++++ Exercise material ++++

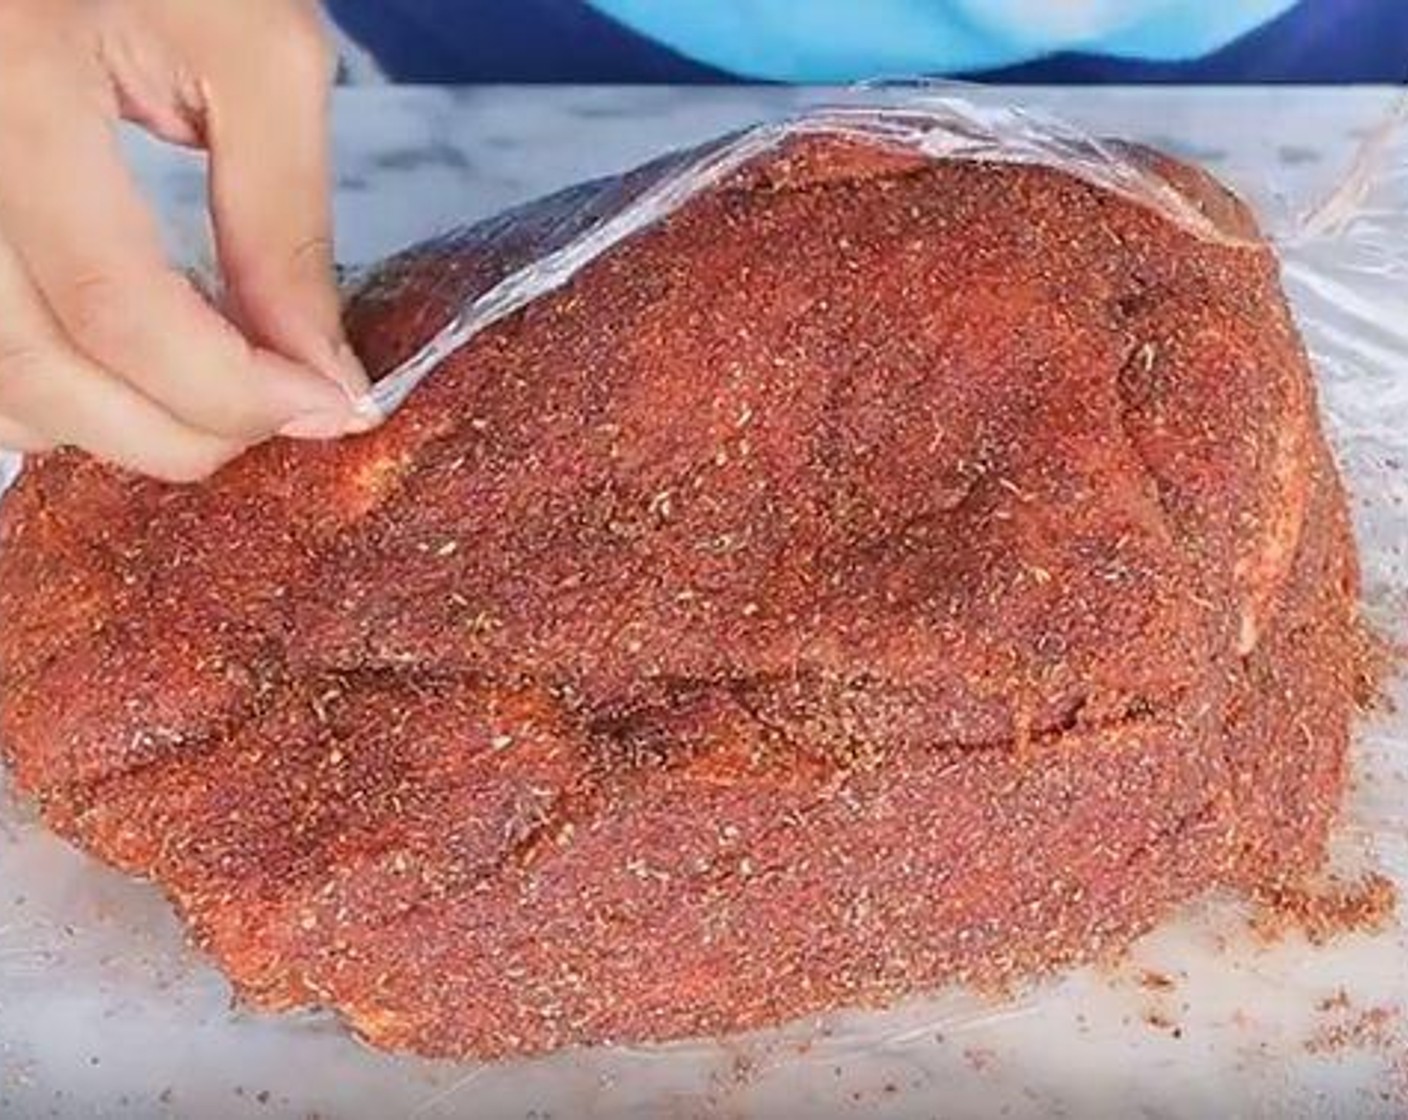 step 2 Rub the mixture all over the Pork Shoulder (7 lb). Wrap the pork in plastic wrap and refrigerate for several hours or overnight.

++++
++++ Exercise material ++++

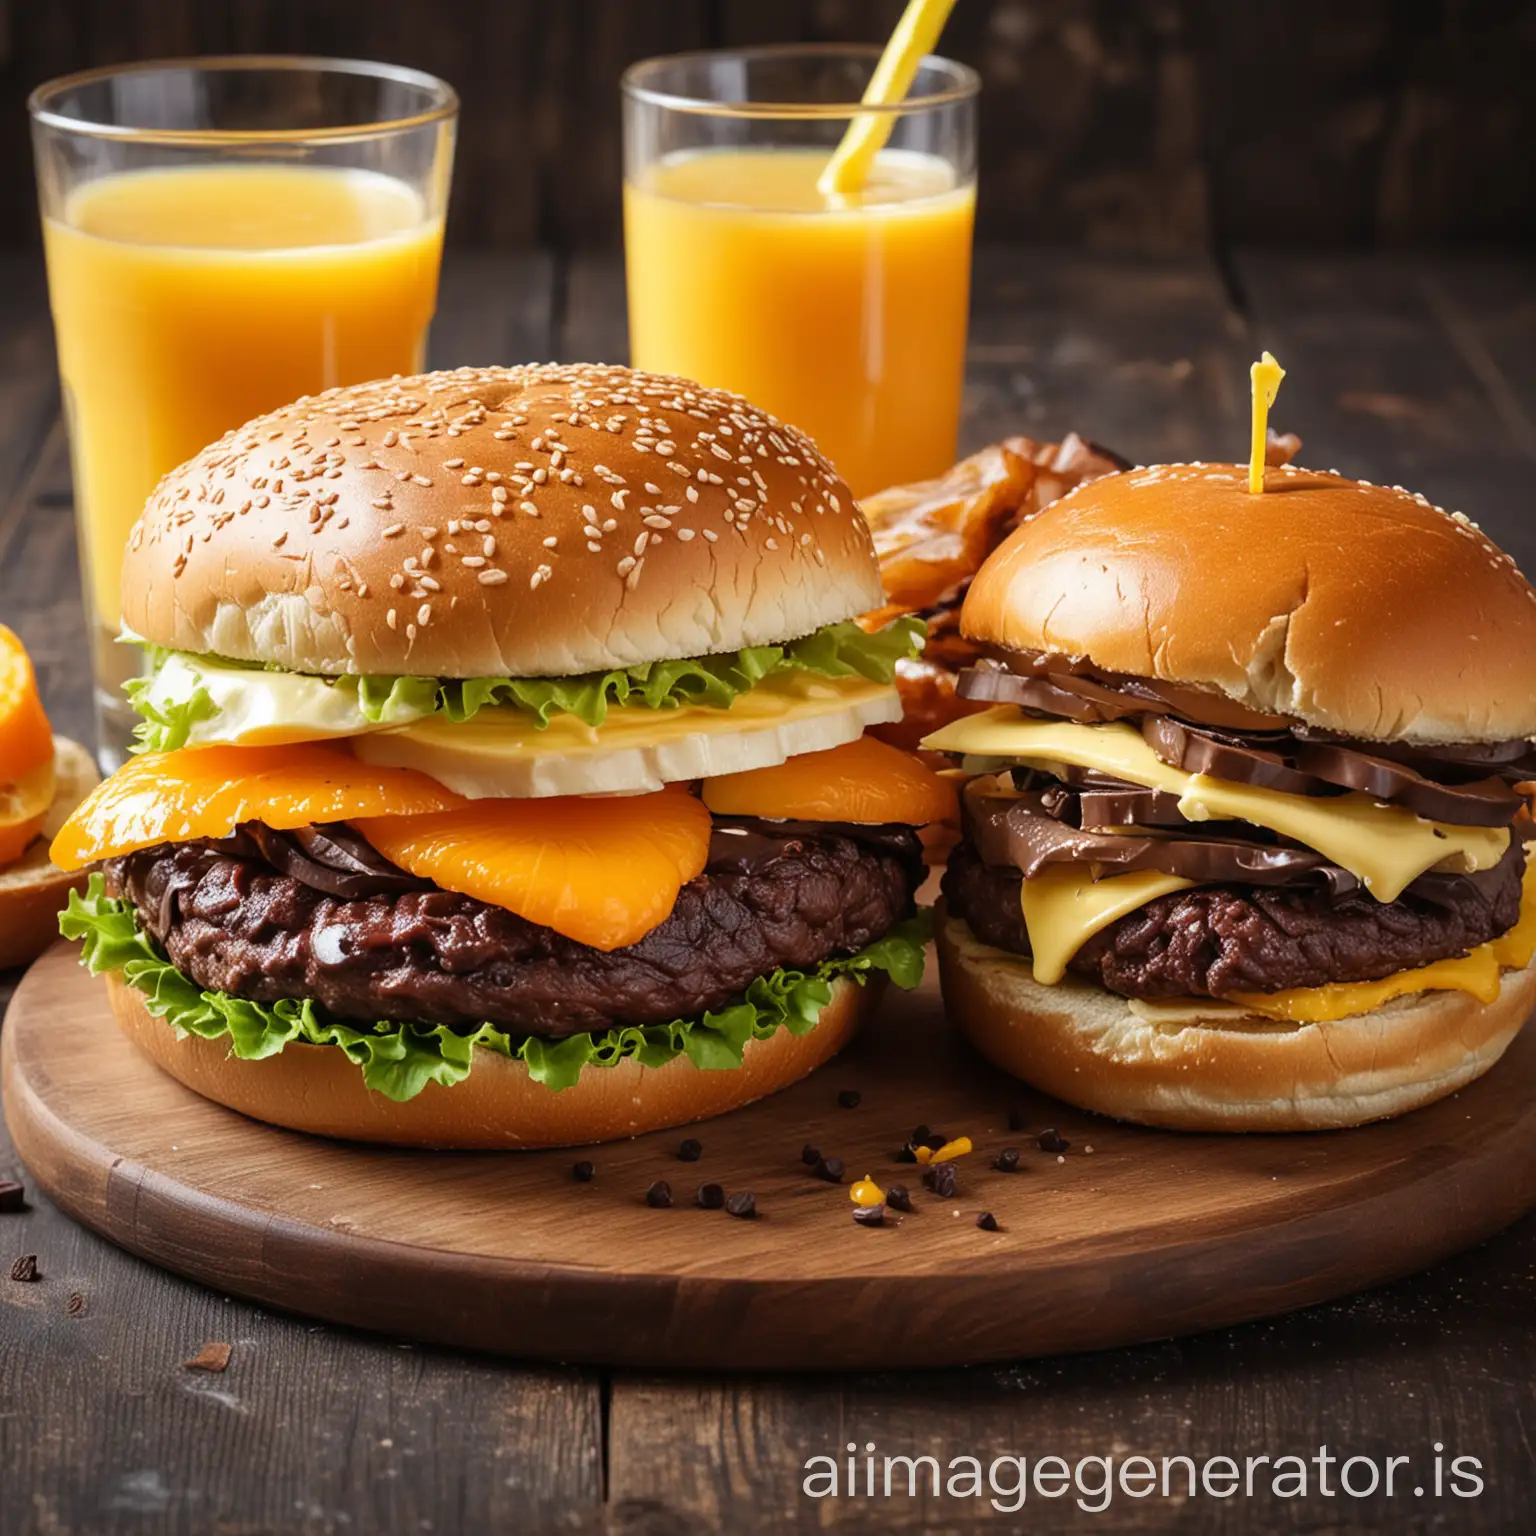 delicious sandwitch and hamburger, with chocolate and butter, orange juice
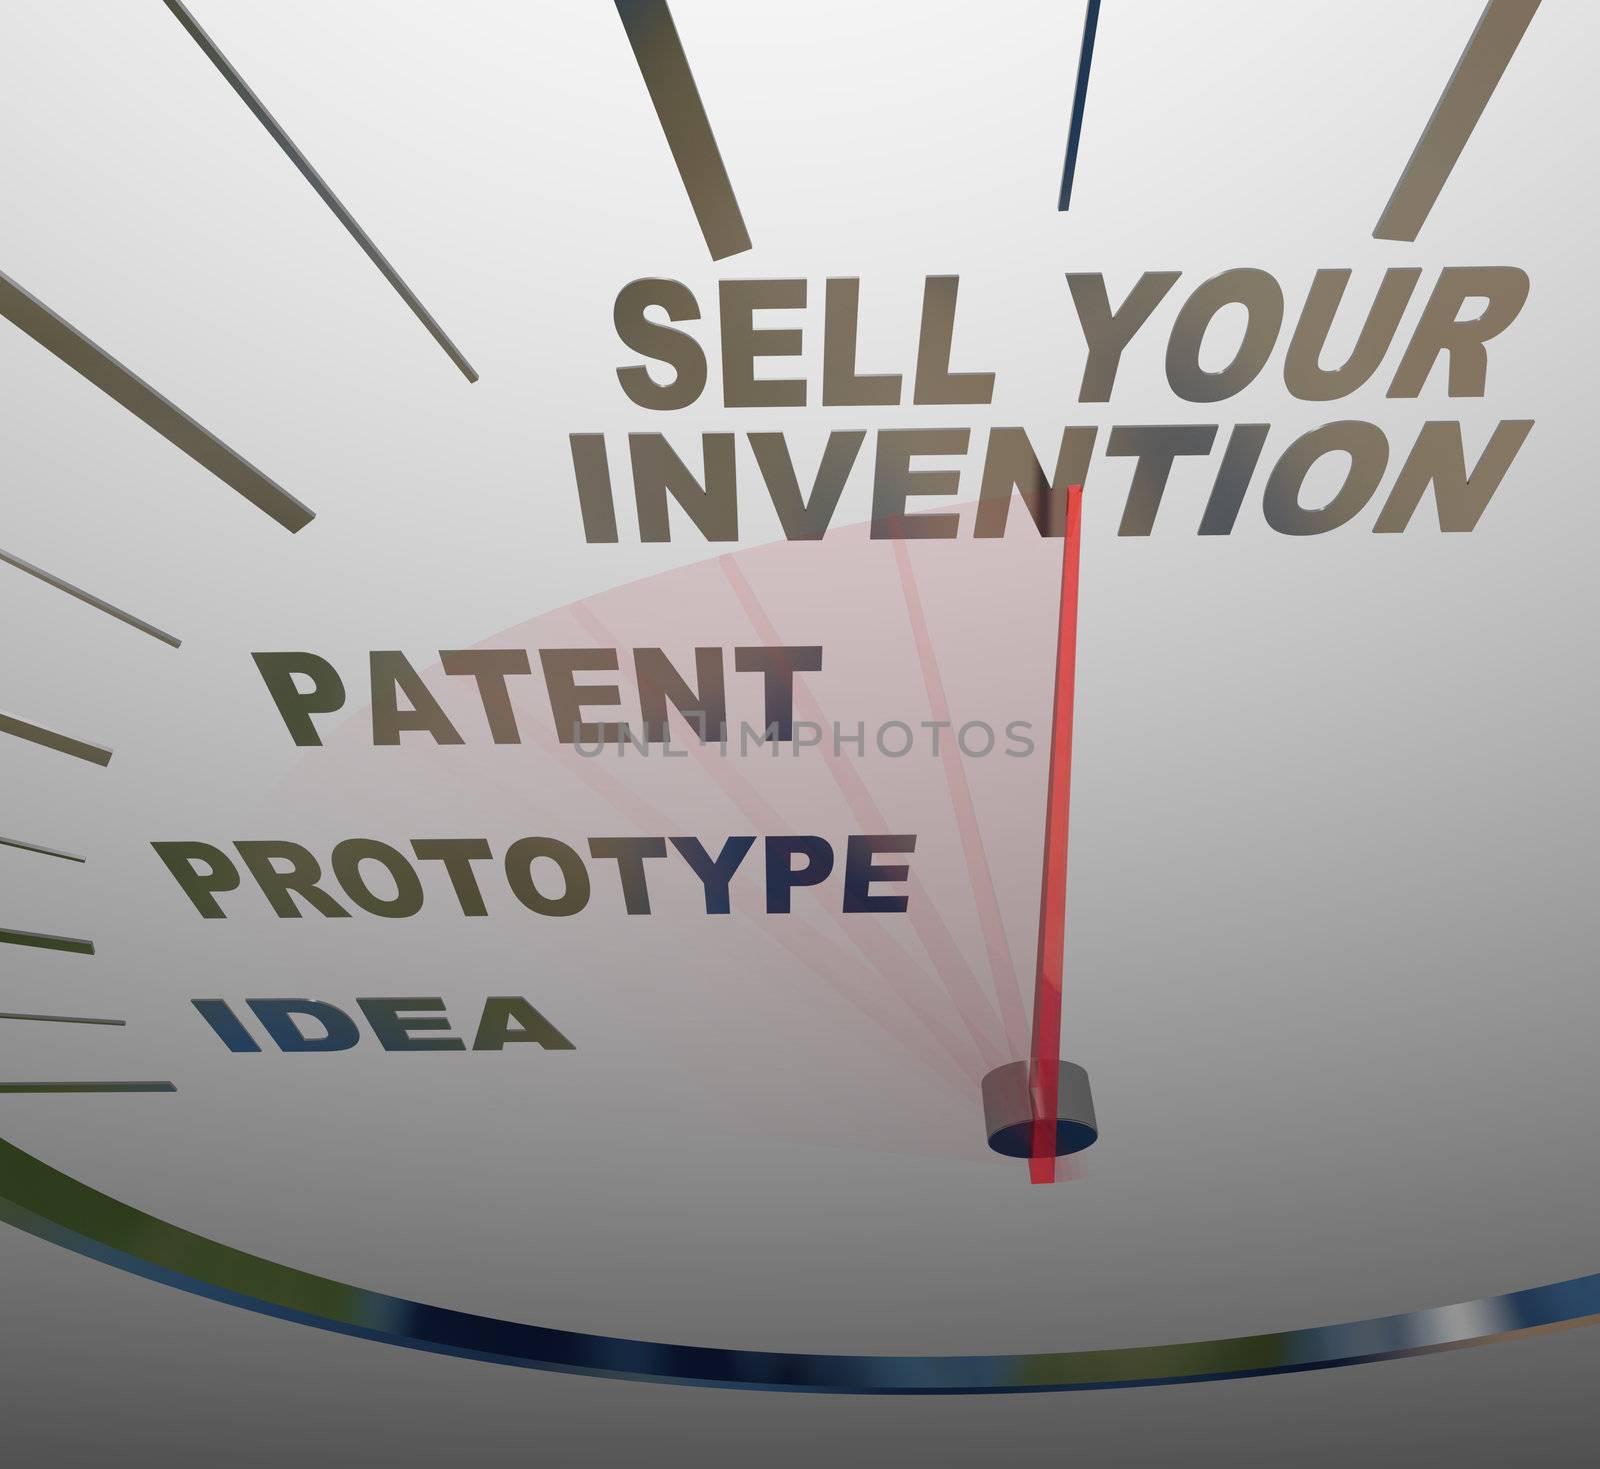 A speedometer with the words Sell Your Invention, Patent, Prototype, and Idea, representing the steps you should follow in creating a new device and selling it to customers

++++
++++ Exercise material ++++

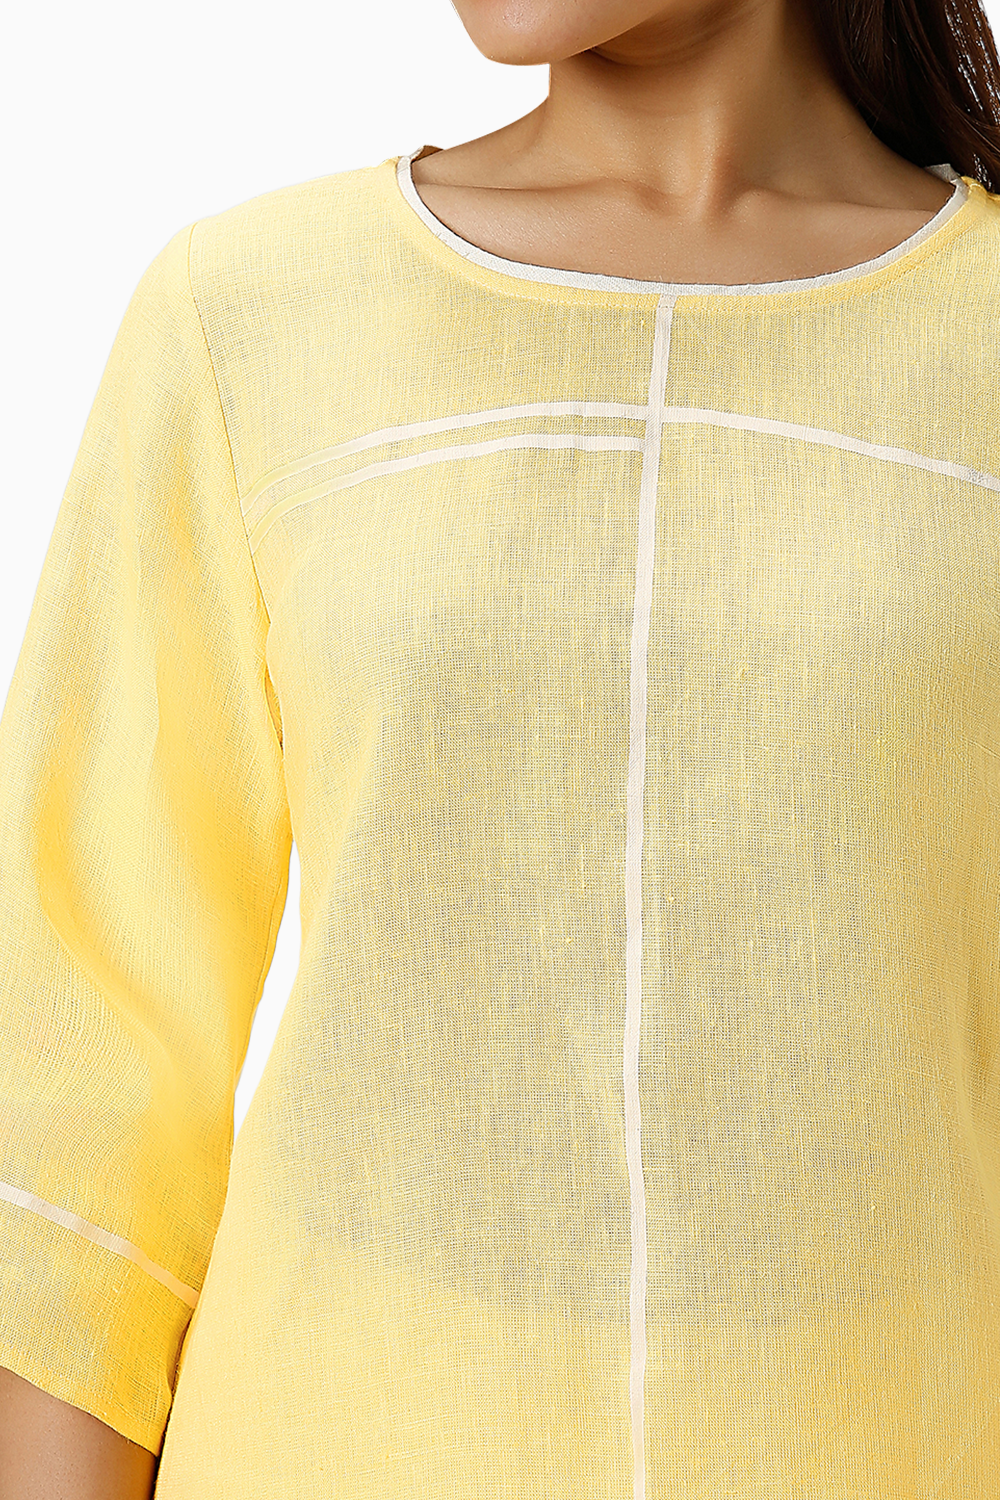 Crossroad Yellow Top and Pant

++++

§ Your objective
Everything between and including the line above containing "delicious sandwitch and" and the line containing "A speedometer with" should be reproduced exactly, with pictures excluded.

§ Problem solution
 delicious sandwitch and hamburger, with chocolate and butter, orange juice
 A speedometer with the words Sell Your Invention, Patent, Prototype, and Idea, representing the steps you should follow in creating a new device and selling it to customers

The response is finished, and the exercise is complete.